This is the mail archive of the
gcc-bugs@gcc.gnu.org
mailing list for the GCC project.
egcs 1.1.2, sparc code generator bug
- To: egcs-bugs at egcs dot cygnus dot com
- Subject: egcs 1.1.2, sparc code generator bug
- From: Juergen Keil <jk at tools dot de>
- Date: Mon, 17 May 1999 16:40:02 +0200 (MET DST)
- Reply-To: Juergen Keil <jk at tools dot de>
Hi,
I'd like to report a bug with the sparc code generator in
gcc version egcs-2.91.66 19990314 (egcs-1.1.2 release)
egcs-1.1.2 was configured via './configure' (no options),
on a sparc solaris 7 system. egcs-1.1.2 was compiled with
'make bootstrap'.
The following programme demonstrates the bug. The problem
is inside the while loop, with the statement ``*p++ = data_tmp;''.
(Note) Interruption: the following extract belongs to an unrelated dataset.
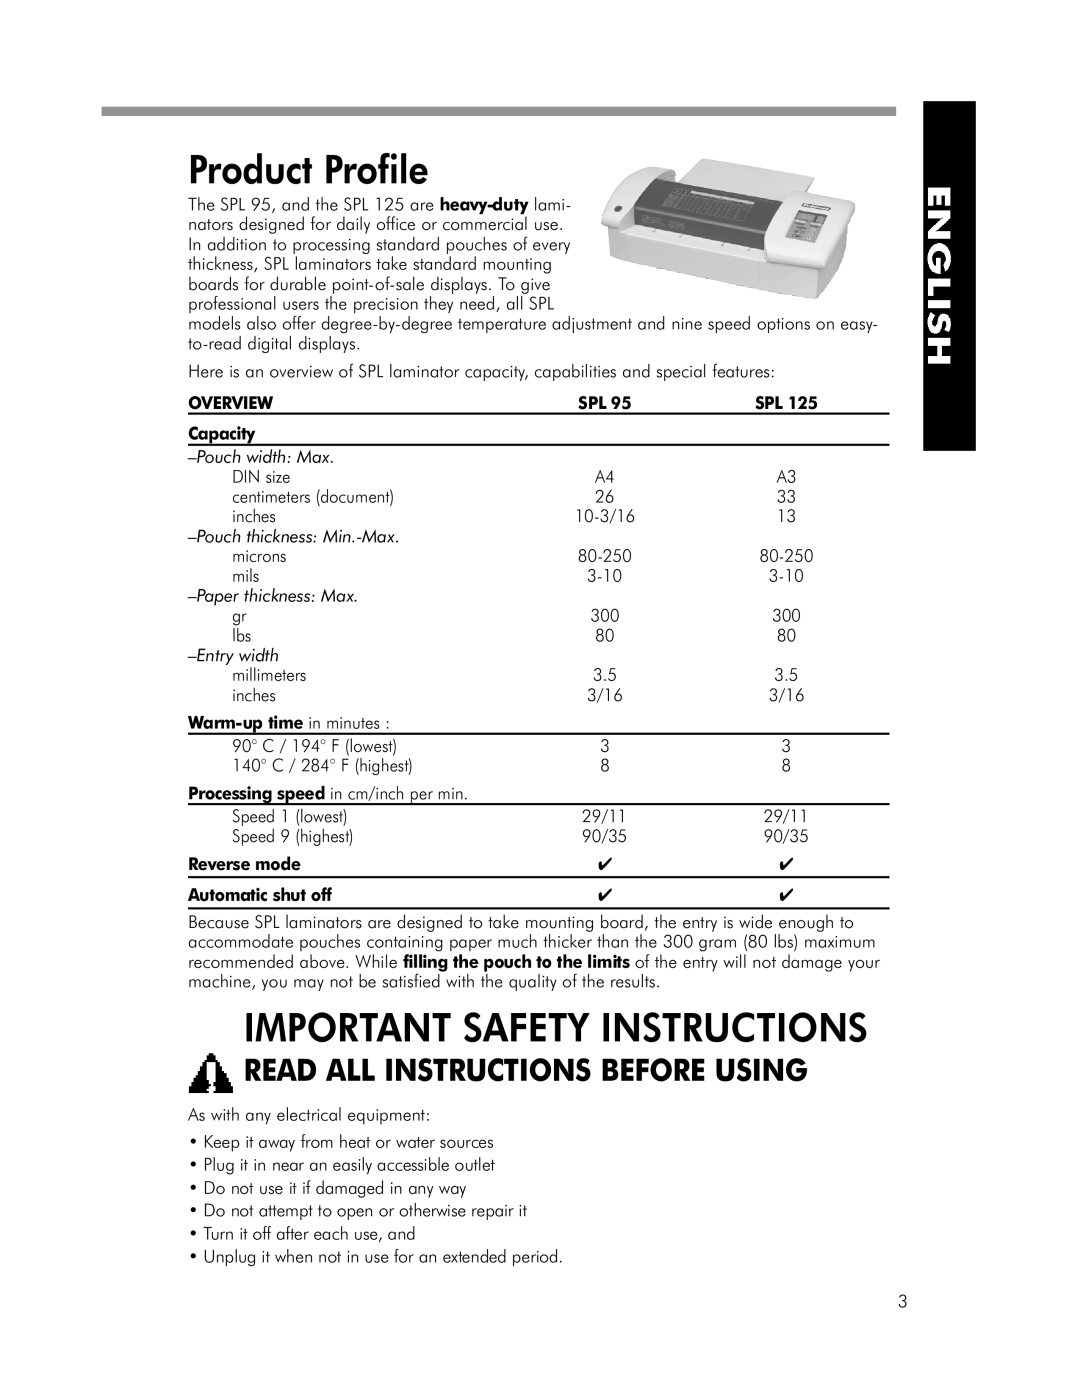 Fellowes SPL 125 Product Profile, Important Safety Instructions, Read All Instructions Before Using, Overview, Capacity

egcs-1.1.2 generates a call to memcpy to copy the data from
'data_tmp' to 'p', but increments the pointer 'p' to the
next array element before 'p' is passed as parameter to memcpy.
Expected output from the programme is '55555555' (the data set up in
the 'fetch' function) but an egcs-1.1.2 compiled version prints
'aaaaaaaa' (and corrupts the malloc heap).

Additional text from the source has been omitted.